The exploitation mechanism leverages the InvokerTransformer class from Commons Collections, which allows arbitrary method invocation during deserialization. By crafting a serialized object that chains multiple transformers together, an attacker can construct a payload that executes arbitrary system commands upon deserialization.
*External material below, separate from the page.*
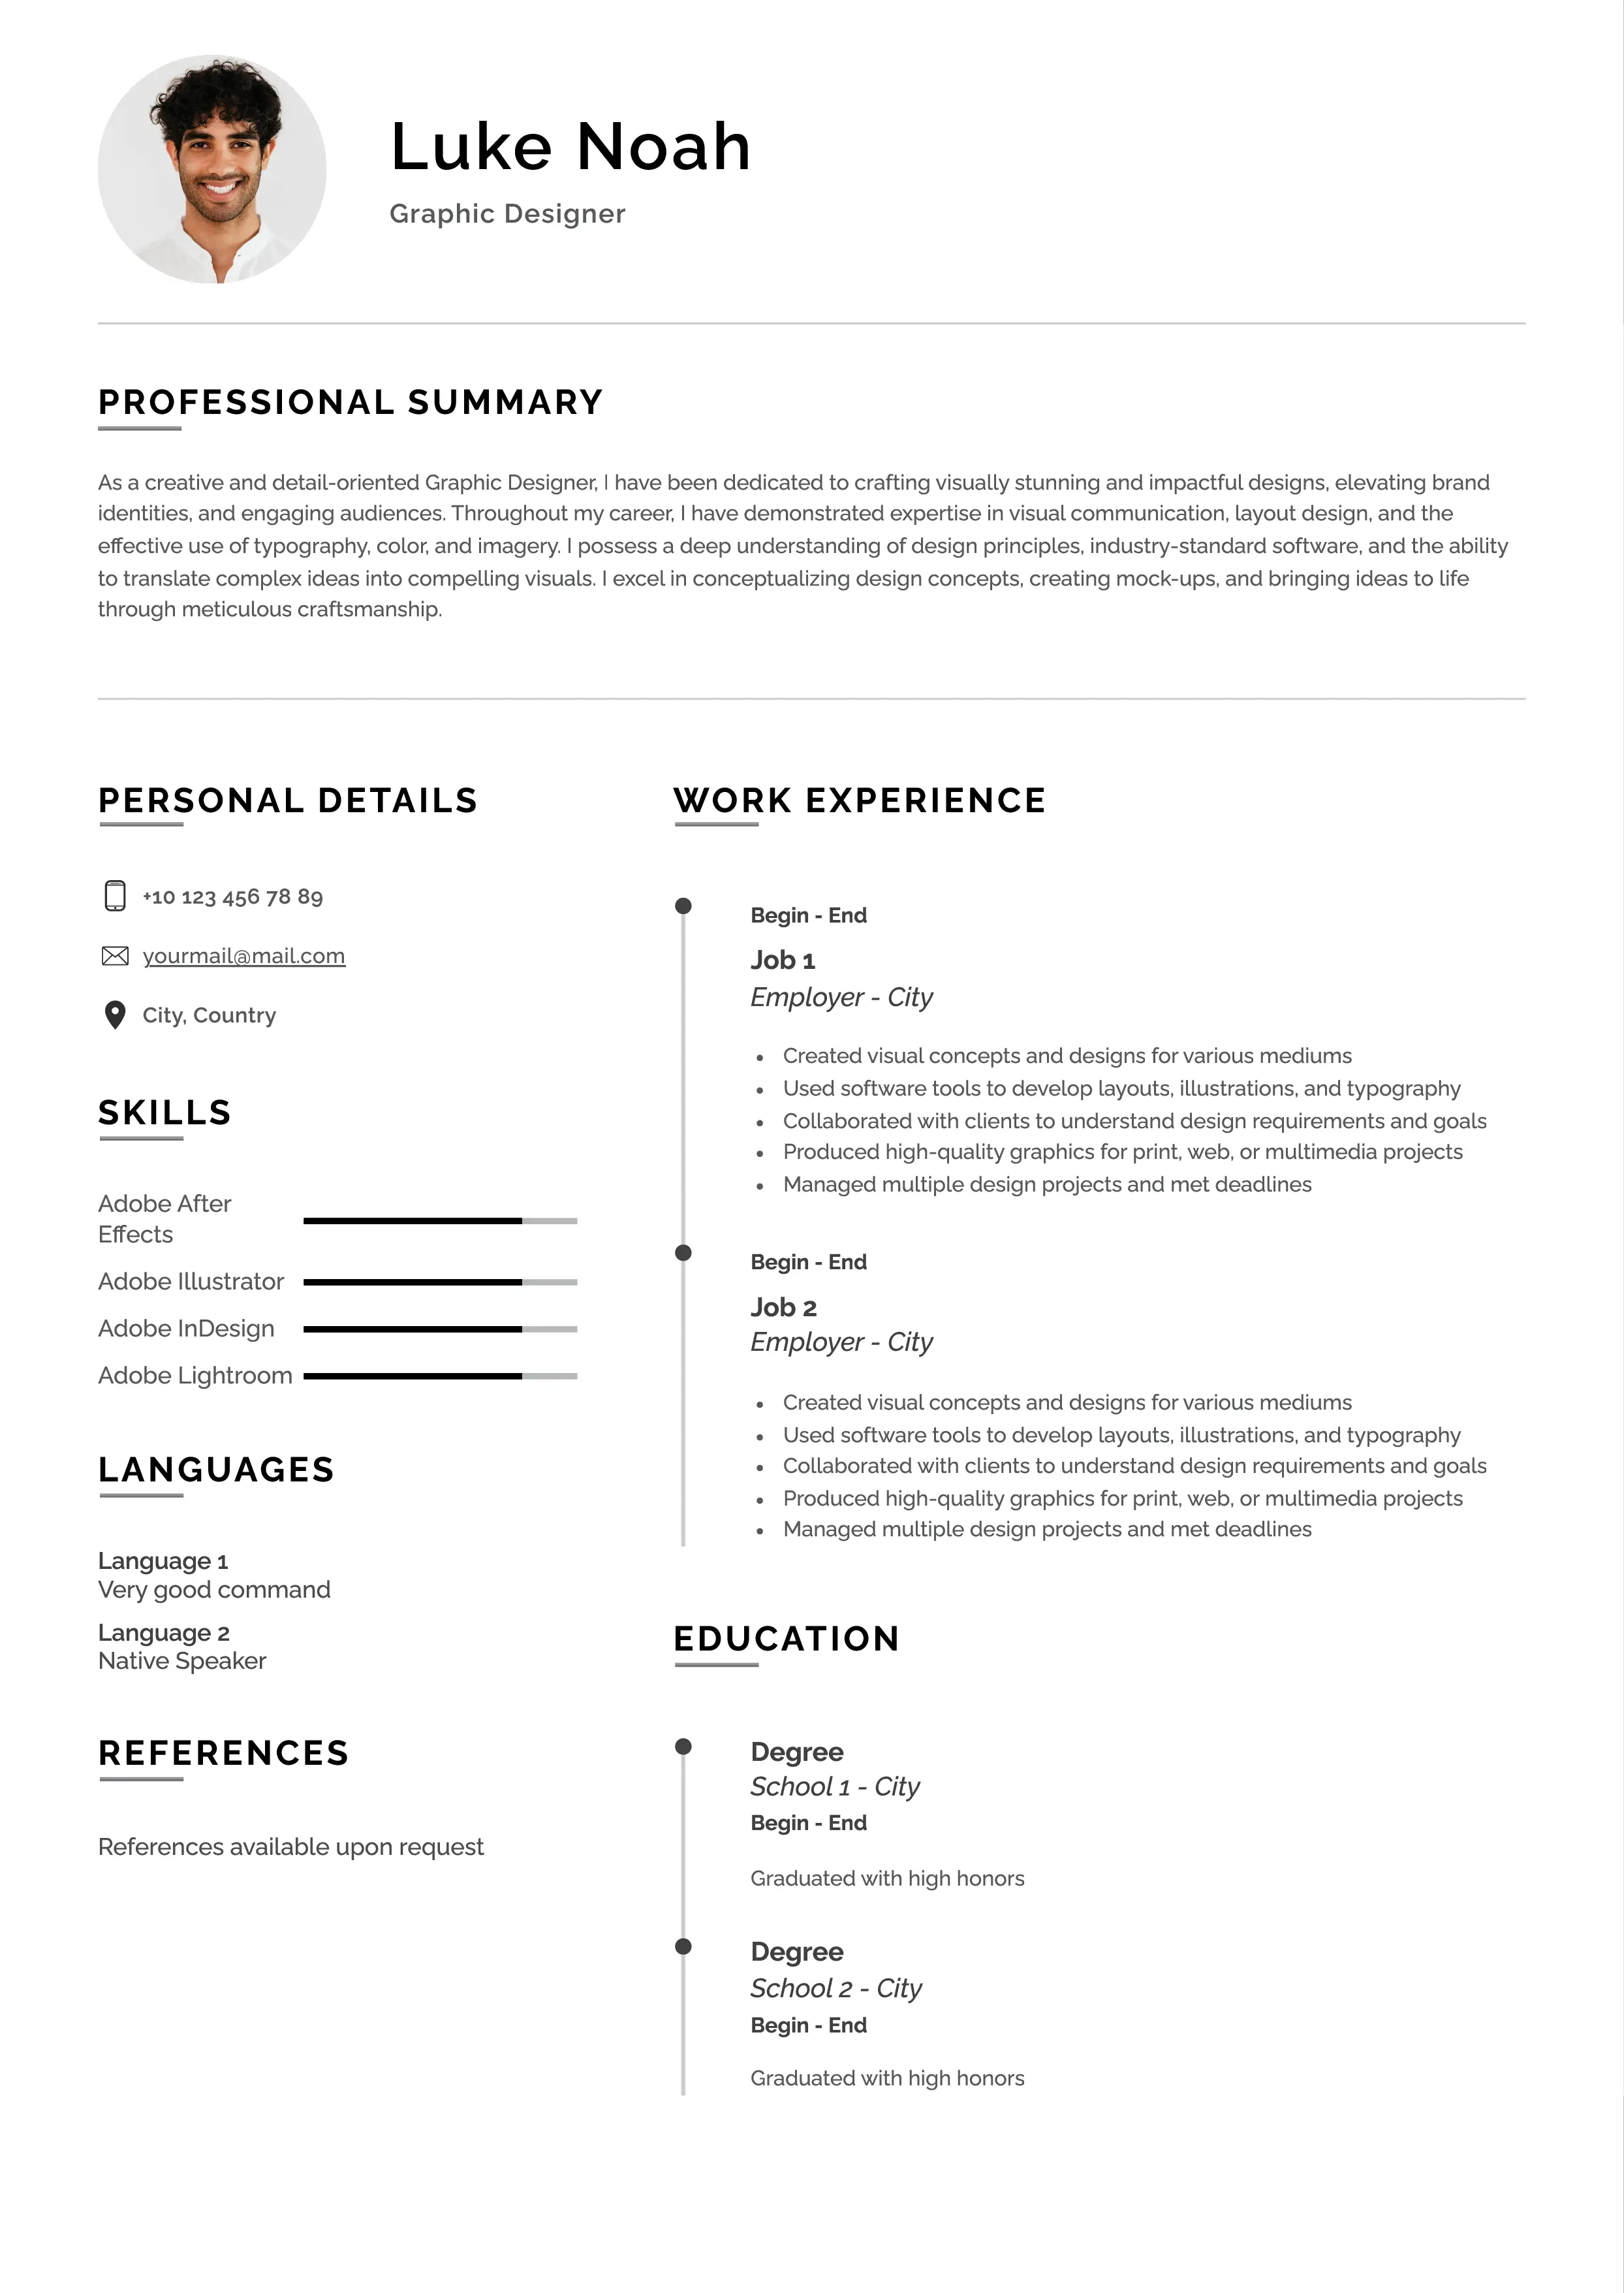 Graphic designer resume CV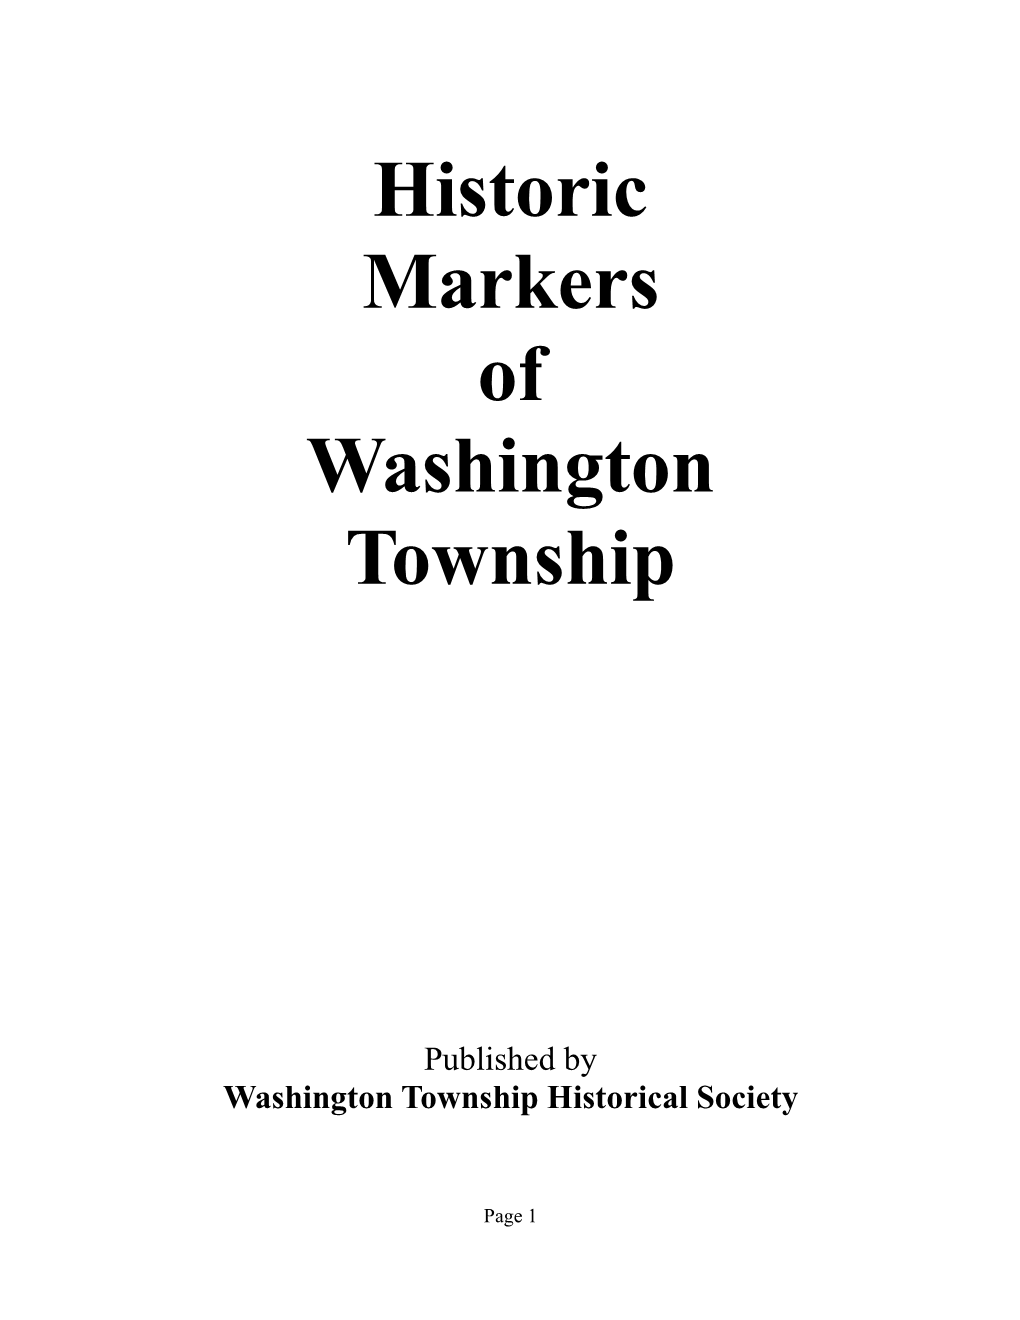 Historic Markers of Washington Township

Detection Methods for CVE-2026-40901
Indicators of Compromise
- Unexpected modifications to the qrtz_job_details table, particularly the JOB_DATA BLOB column
- Anomalous SQL queries targeting Quartz scheduler tables from web application contexts
- Unusual process execution originating from the DataEase container or Java process
- Evidence of serialized Java object payloads containing Commons Collections classes in database records
Detection Strategies
- Monitor database audit logs for unauthorized INSERT or UPDATE operations on qrtz_job_details table
- Implement network-level detection for serialized Java object patterns in HTTP traffic
- Deploy runtime application self-protection (RASP) to detect deserialization attempts with known gadget chain classes
- Enable Java deserialization logging to identify attempts to instantiate dangerous transformer classes
Monitoring Recommendations
- Configure alerting on any modifications to Quartz job data outside of normal application workflows
- Implement file integrity monitoring on the container filesystem to detect post-exploitation artifacts
- Monitor outbound network connections from the DataEase container for potential command-and-control activity
- Review container logs for unexpected process spawning or privilege escalation attempts
How to Mitigate CVE-2026-40901
Immediate Actions Required
- Upgrade DataEase to version 2.10.21 or later immediately
- Audit the qrtz_job_details table for any suspicious or unexpected job data entries
- Restrict database permissions to limit write access to Quartz scheduler tables
- Implement network segmentation to isolate DataEase deployments from sensitive systems
Patch Information
DataEase has released version 2.10.21 which addresses this vulnerability. The fix likely involves updating the vulnerable dependencies and implementing deserialization filters. Refer to the GitHub Release v2.10.21 for the official patch. Additional details are available in the GitHub Security Advisory GHSA-gm5q-g72w-c466.
Workarounds
- If immediate patching is not possible, implement a Java deserialization filter using JEP 290 to block known dangerous classes including org.apache.commons.collections.functors.InvokerTransformer
- Remove or replace the vulnerable commons-collections-3.2.1.jar with a patched version (3.2.2 or later) that has dangerous classes disabled
- Implement database-level triggers or constraints to prevent unauthorized modifications to Quartz job tables
- Consider deploying a web application firewall (WAF) with rules to detect and block serialized Java object payloads
# Example JVM argument to implement deserialization filter (Java 9+)
# Add to DataEase startup configuration
JAVA_OPTS="-Djdk.serialFilter=!org.apache.commons.collections.functors.*;!org.apache.commons.collections.Transformer"
Disclaimer: This content was generated using AI. While we strive for accuracy, please verify critical information with official sources.